__Exercise goal__: Give the data below again exactly as it stands. Omit the pictures.

__Source data__:
= = = = =

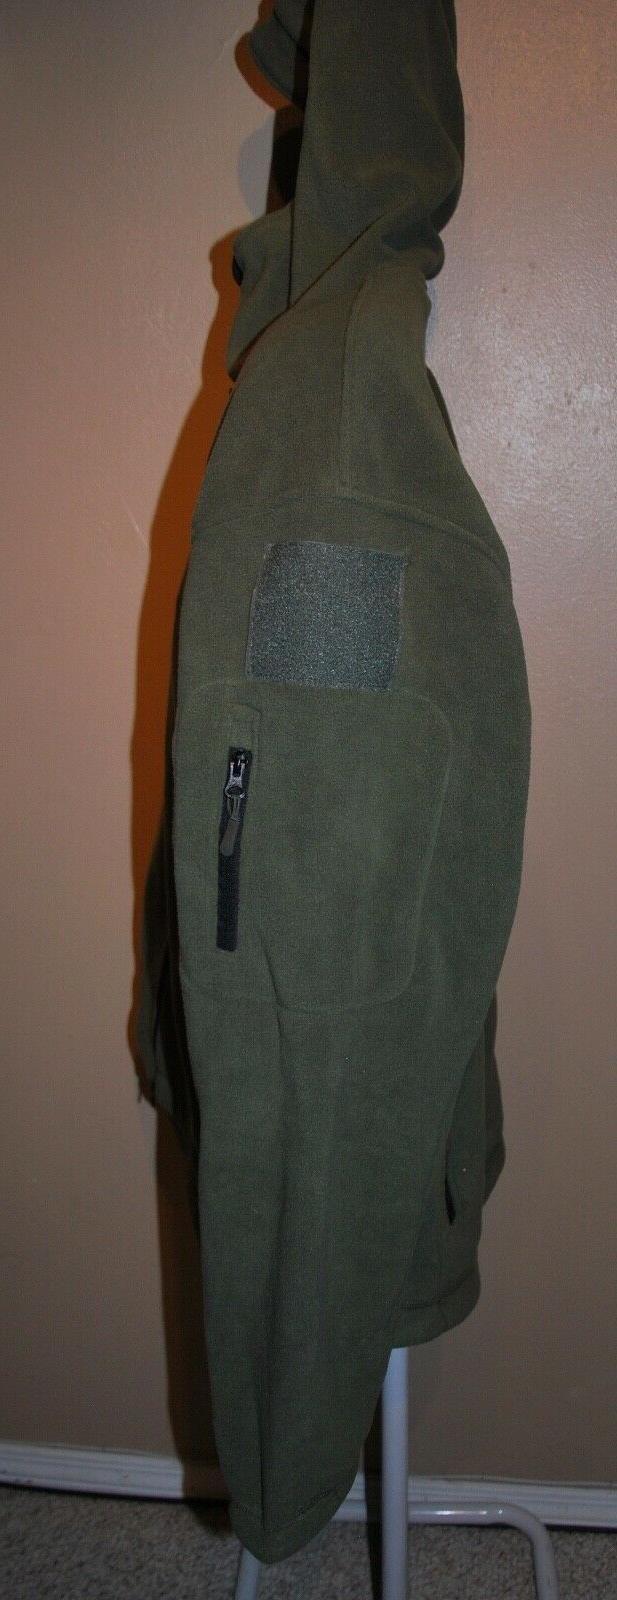 ReFire Shark Tactical Jacket Thermal Fleece Hoodie
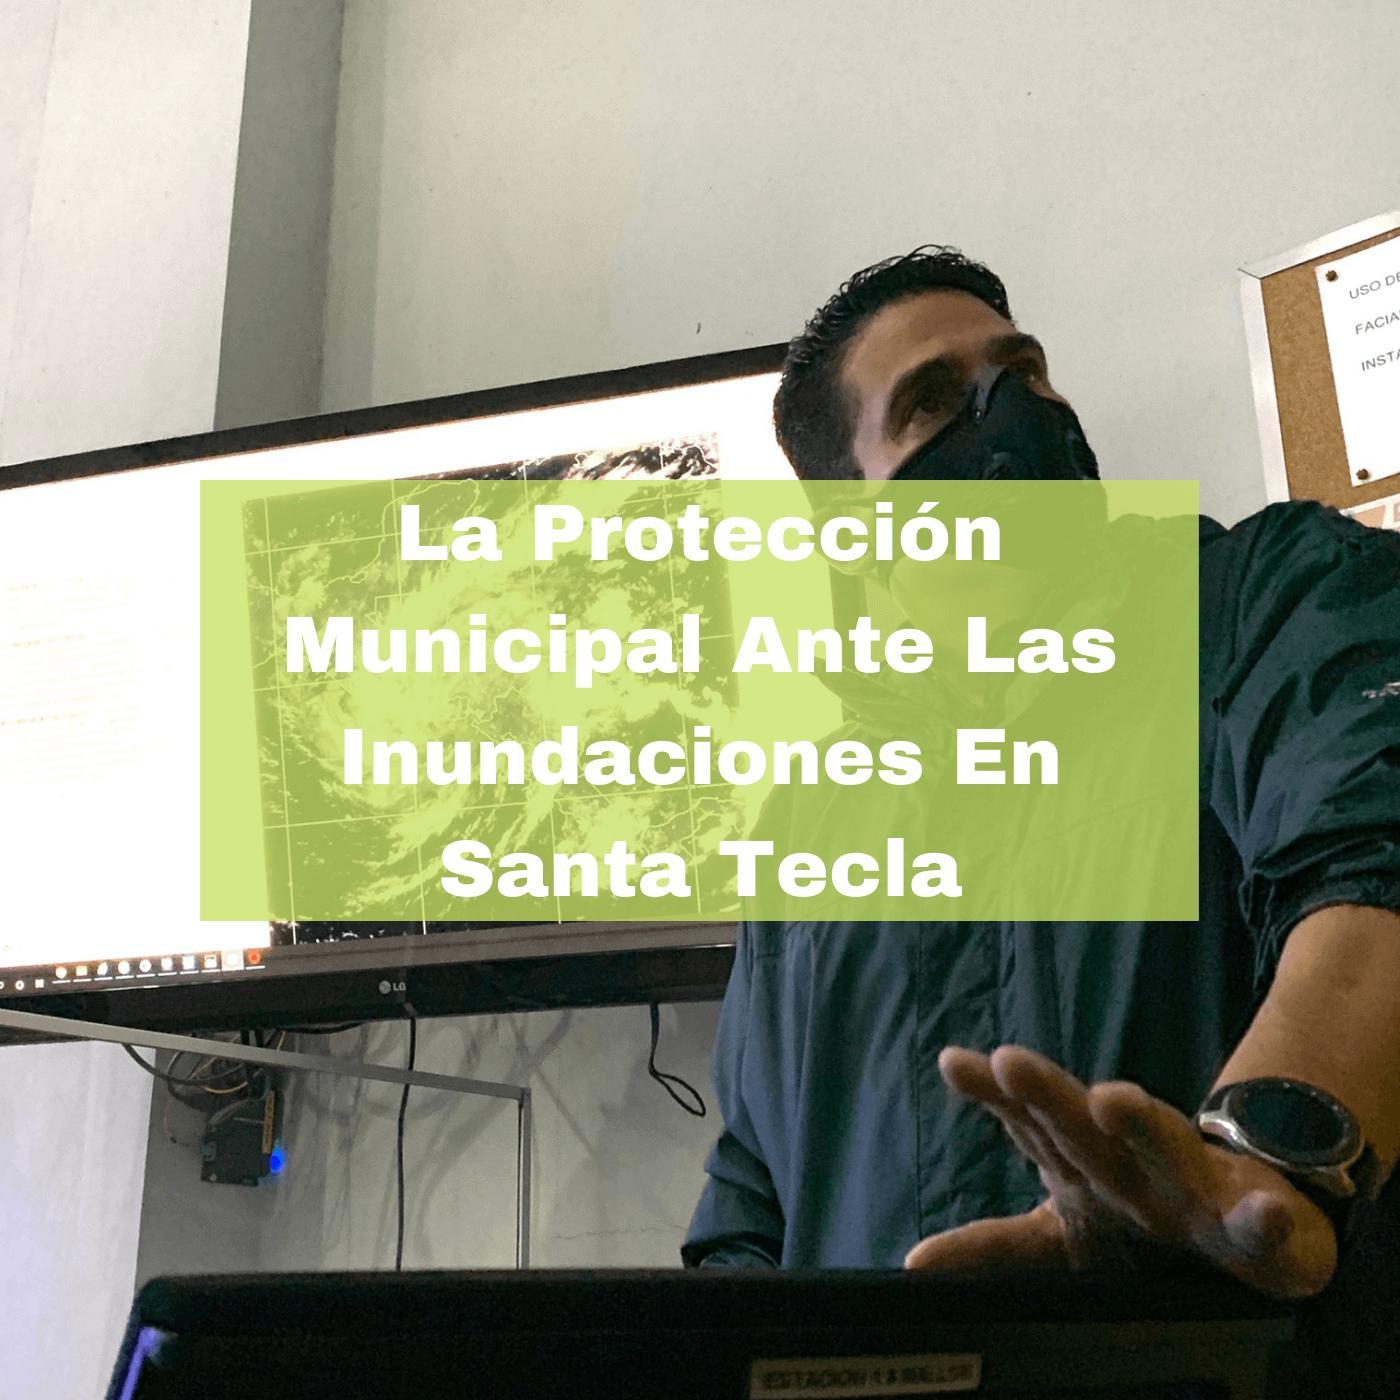 La Protección Municipal Ante Las Inundaciones En Santa Tecla. Foto Portada. Infografía. Roberto d'Aubuisson. 2021
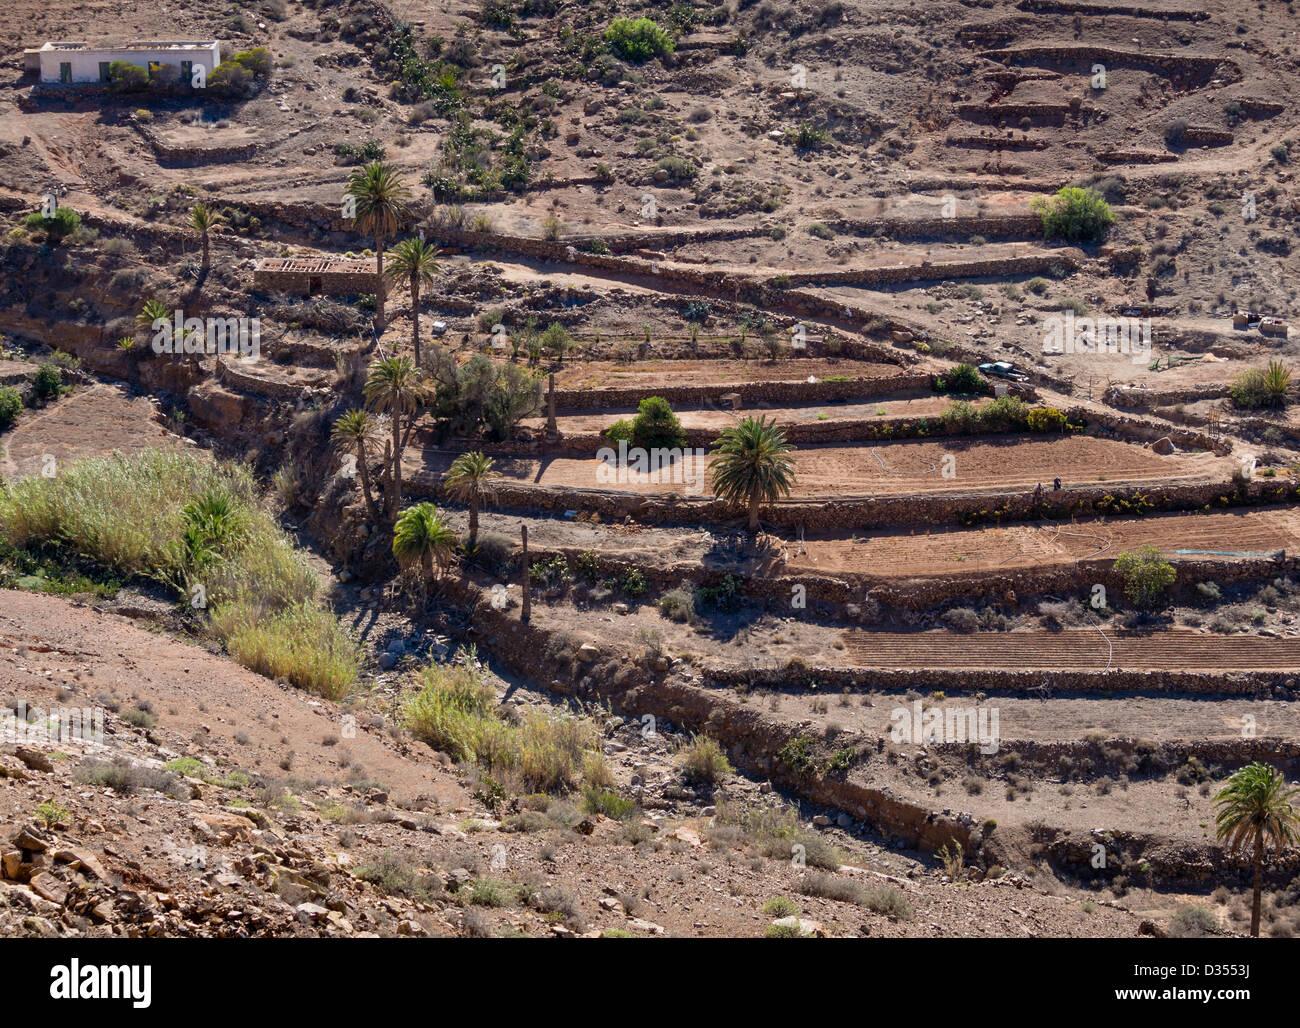 Eine Oase im Parque Rural de Betancuria, Fuerteventura. Stockbild

= = = = =

__Result of the exercise__:
 ReFire Shark Tactical Jacket Thermal Fleece Hoodie
 La Protección Municipal Ante Las Inundaciones En Santa Tecla. Foto Portada. Infografía. Roberto d'Aubuisson. 2021
 Eine Oase im Parque Rural de Betancuria, Fuerteventura. Stockbild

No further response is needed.